Once the server is up, it's essential to verify that it has been properly added as a domain controller.

Open **Active Directory Users and Computers (ADUC)** on the new server.

![](https://cdn.hashnode.com/res/hashnode/image/upload/v1725813492800/57bc5599-09f6-4c0f-853c-b824451f86ba.png align="center")

Ensure that the new server appears under **Domain Controllers** in the AD structure.

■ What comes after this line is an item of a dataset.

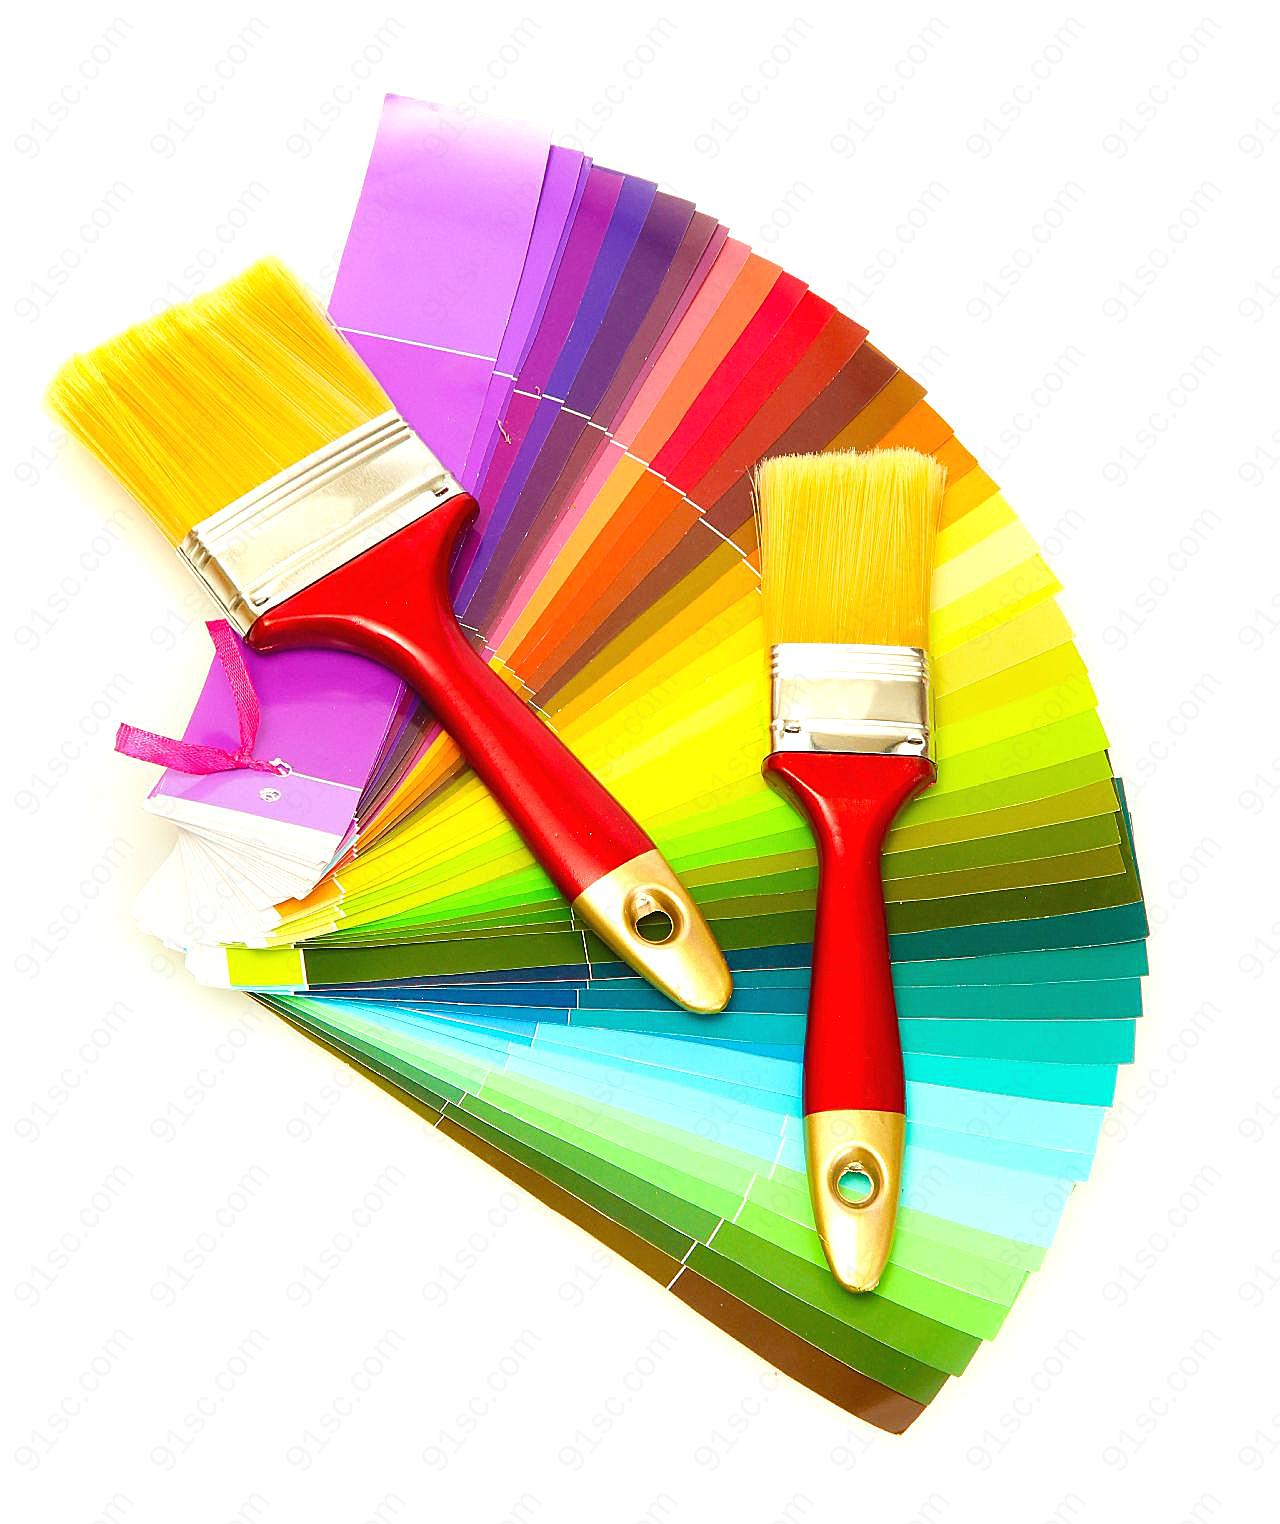 彩色纸和刷子图片下载创意设计图片

![](https://cdn.hashnode.com/res/hashnode/image/upload/v1725813597215/f91a5bc5-6e39-423b-8ba8-40c8bd2cb399.png align="center")

**Replication Check**:

Open **Command Prompt** as an administrator &gt; Run the following command to check AD replication

```plaintext
repadmin /replsummary
```

![](https://cdn.hashnode.com/res/hashnode/image/upload/v1725813709435/58b2b1fd-8782-45c6-9a5d-cfe220cc715c.png align="center")

### Conclusion

Adding an additional domain controller to your Windows Server 2016 environment is a crucial step in ensuring high availability, fault tolerance, and load balancing for your Active Directory infrastructure. By following these steps, you can effectively enhance your network's security and performance.